Cette décision révèle qu’il paraît plus aisé de classer les requérantes dans la catégorie de « victime », et que cette classification conduit à minimiser leur rôle en tant qu’agresseuses. D’autres décisions montrent qu’une femme sera plus aisément considérée comme subalterne que comme responsable, et que cette minimisation de leur rôle a un impact certain sur leur traitement judiciaire. Relevons ainsi quelques décisions où le juge de l’asile a estimé qu’une femme n’avait pas les responsabilités nécessaires pour être déclarée responsable au titre de l’exclusion. Pour prendre de nouveau un exemple de la CRR, nous pouvons comparer deux décisions rwandaises, qui avaient trait au génocide s’étant déroulé dans ce pays en 1994. Dans la première, la Commission a jugé qu’un responsable d’une société étatique pouvait être considéré comme ayant été complice du génocide. Même si sa participation était indirecte, et se limitait à la gestion de cette entreprise, la CRR a estimé que les fonds levés par cette entreprise servaient à acheter des armes, ce qui était une contribution suffisante pour enclencher les clauses d’exclusion37. Par contraste, la CRR a écarté la responsabilité, et donc l’exclusion, de la responsable de la Banque Nationale du Rwanda38, n’établissant aucun lien, même indirect, avec le génocide. De nouveau, la brièveté des décisions de la CRR nous prive de certaines précisions qui pourraient permettre d’expliquer ces différentes solutions. Toutefois, si une responsabilité indirecte dans le financement du génocide a pu être retenue pour un responsable d’une entreprise publique, il est difficile de voir en quoi cette responsabilité devait être écartée pour la responsable de la Banque Nationale du Rwanda. Dans cette deuxième affaire, la requérante semble avoir bénéficié d’une certaine souplesse de la part de la CRR. Une explication possible serait qu’il est plus difficile de retenir la responsabilité en tant que complice de femmes dans des situations de dirigeantes. Notons toutefois que la CNDA a pu exclure des femmes ayant eu des rôles particulièrement importants au sein du régime génocidaire rwandais, dès lors que leur responsabilité était assez évidente : tel est le cas – bien connu – de la veuve de l’ancien président rwandais, désignée comme une des planificatrices du génocide39, ou encore d’une femme membre de « l’élite administrative », ayant contribué à la légitimation du génocide sur la scène internationale40.
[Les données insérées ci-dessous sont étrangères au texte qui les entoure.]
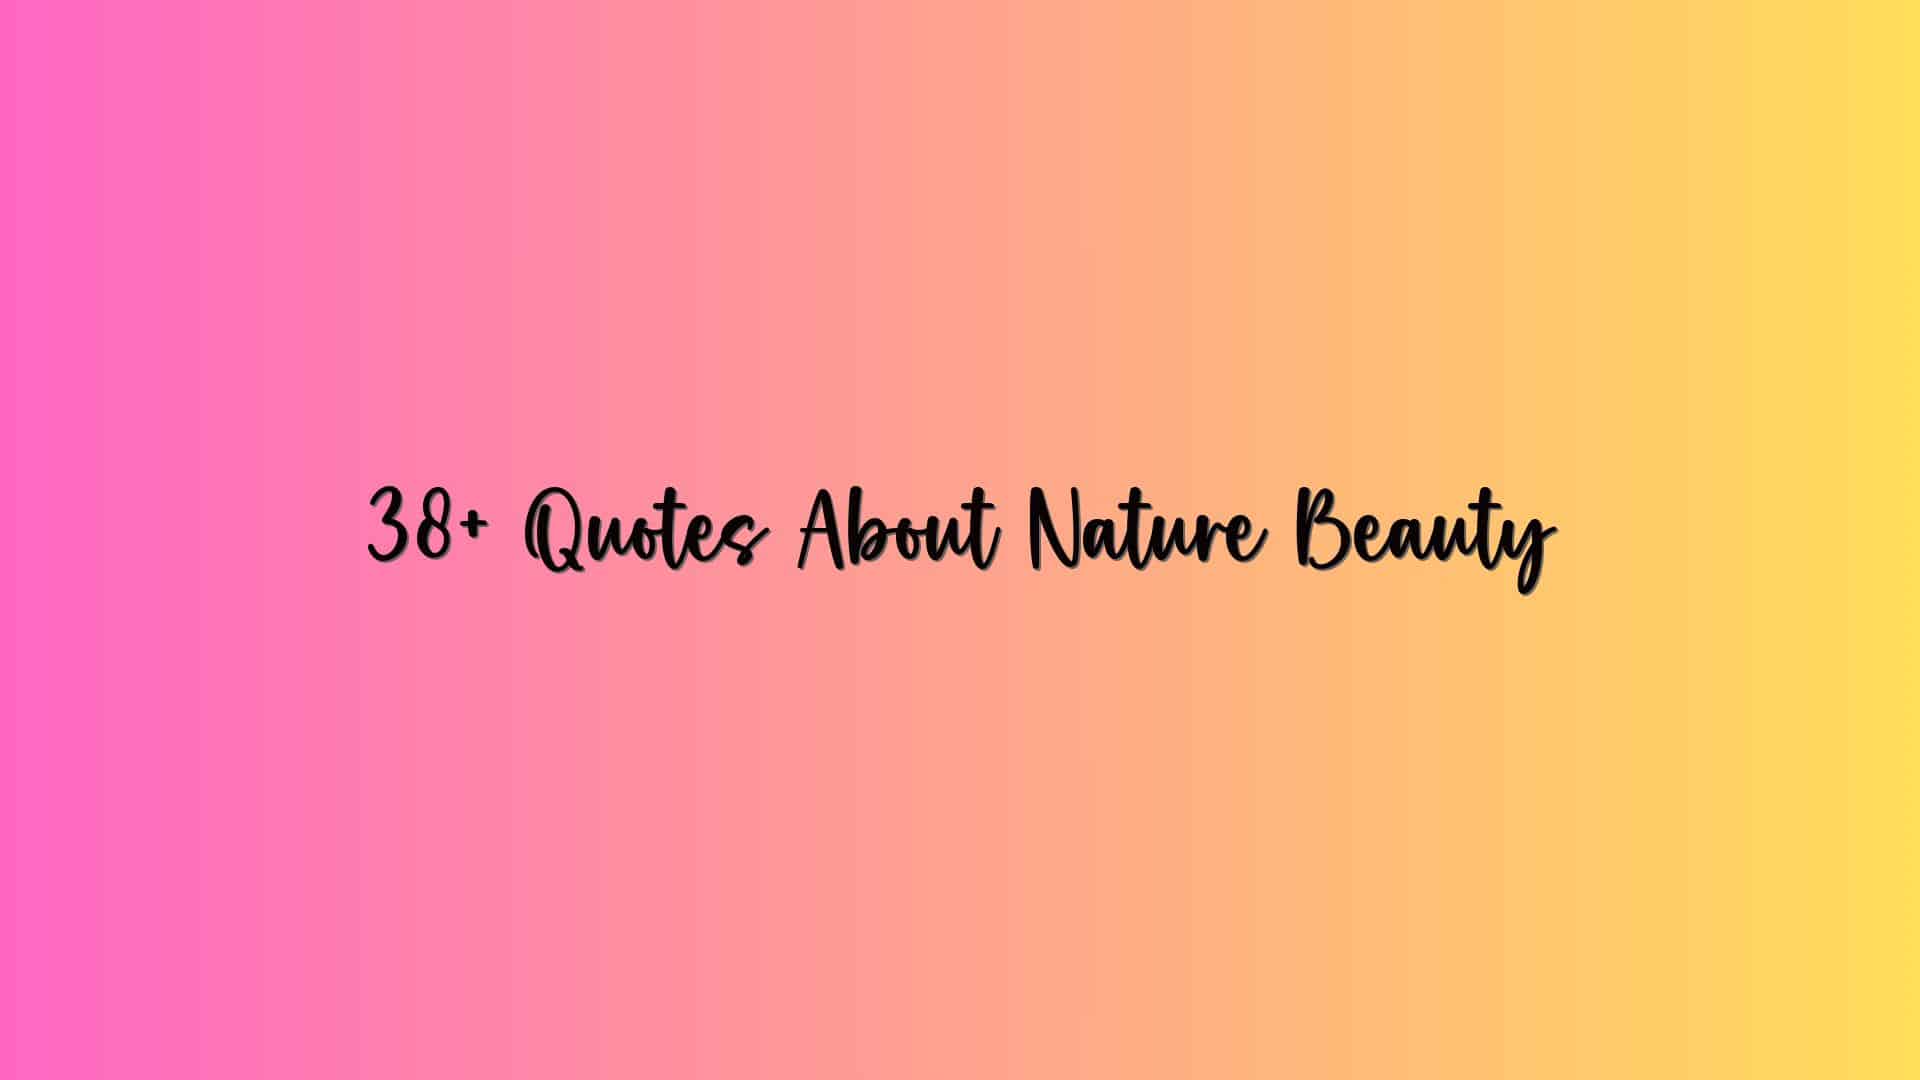 38+ Quotes About Nature Beauty
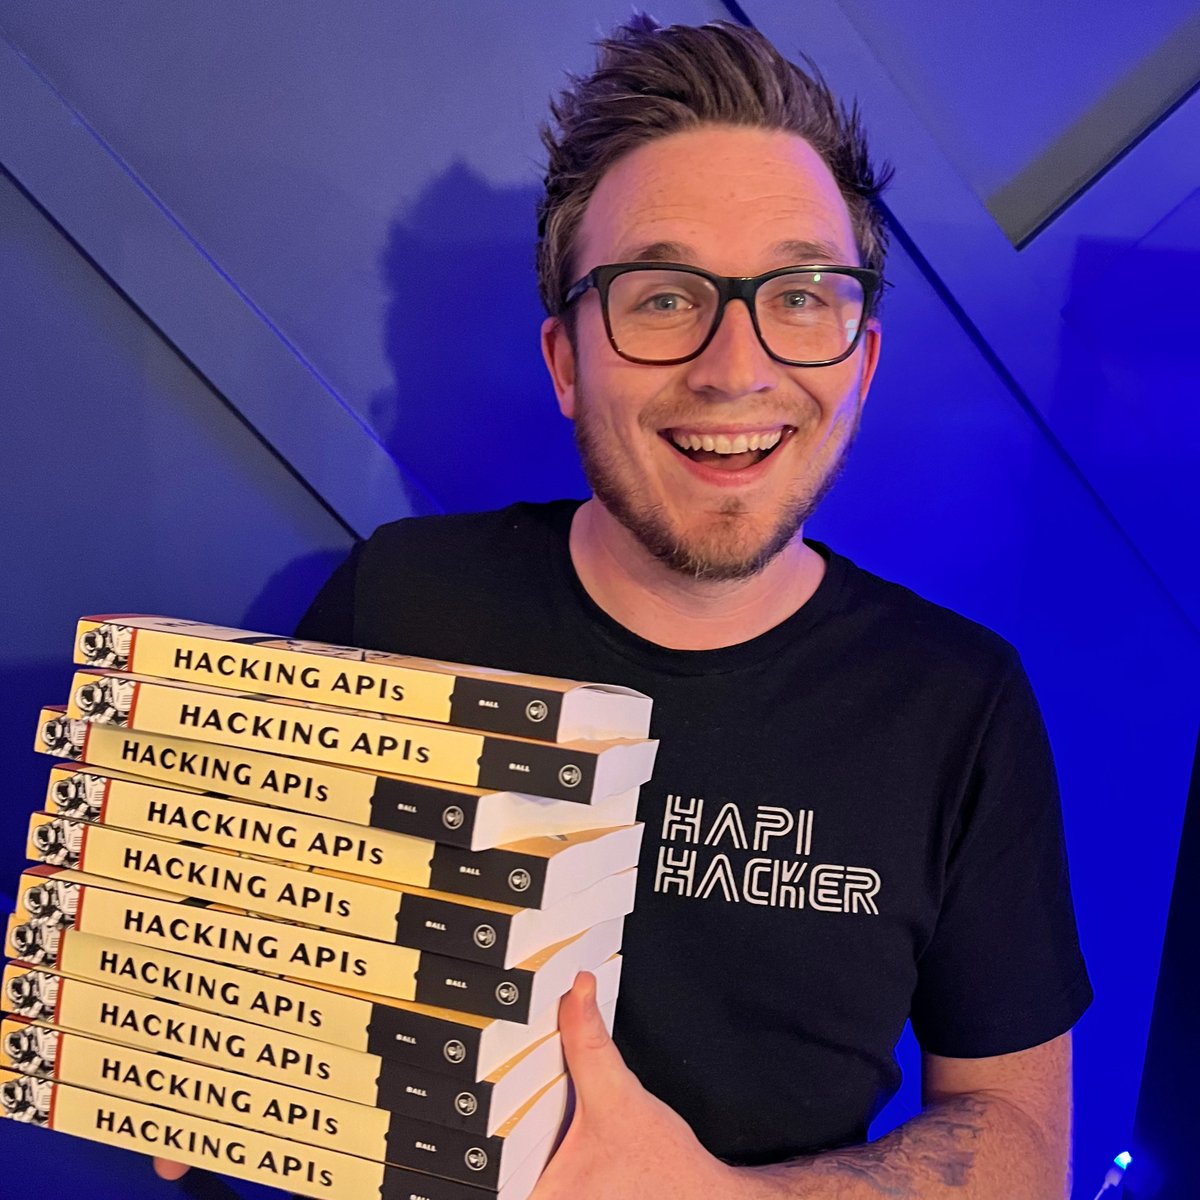 Hacking APIs Book Giveaway sponsored by APIsec.ai! We are giving away 10 print books. One entry per: ♥️ Like 🔁 RT 👑Bonus entry to anyone who follows @apisec_ai. Ends in 48 hours!

Au soutien de cette hypothèse, nous pouvons citer deux décisions plus récentes concernant des requérants kurdes ayant eu des responsabilités dans une association française qui levait des fonds, parfois à travers des extorsions, pour soutenir un groupe qualifié de terroriste41. Dans ces deux décisions, prises le même jour, le requérant, considéré comme étant le chef de cette association, a été exclu42, tandis que la requérante, dont le rôle a été qualifié de « mineur », s’est vue reconnaître le statut de réfugiée43. Pourtant, cette dernière avait été condamnée à une peine de quatre années d’emprisonnement (dont trente mois avec sursis) par la Cour d’appel de Paris, avait été désignée par un autre membre du mouvement comme ayant eu un rôle important, et avait activement participé à de nombreuses actions de l’association. À titre de comparaison, le requérant dans l’affaire connexe avait été condamné à une peine similaire, de cinq ans d’emprisonnement. Pour ce dernier, la CNDA rappelle qu’il avait été auparavant condamné dans le cadre d’actes violents – toutefois, c’est bien son rôle de responsable associatif qui justifie ici son exclusion, ainsi que le financement d’un groupe terroriste. Or, s’agissant de la requérante, cette dernière avait également participé à ce financement, bien que la CNDA indique que ceci concernait « un montant réduit »44. En l’absence d’une mention exacte des montants concernés, tant pour le requérant que la requérante, toute comparaison semble vaine. Il est possible que la différence de contribution entre ces deux profils ait effectivement été conséquente, justifiant leur traitement différencié. Notre propos n’est pas ici de réfuter le bien-fondé de ces décisions, mais de déceler en quoi le profil de la requérante semble présenté d’une façon bien plus favorable que celui du requérant. Car malgré plusieurs éléments en sa défaveur, notamment sa condamnation à une peine importante et sa désignation par d’autres membres de l’association comme en étant une membre active, la requérante a été présentée comme une personne subalterne au sein de l’organisation, aux responsabilités très réduites.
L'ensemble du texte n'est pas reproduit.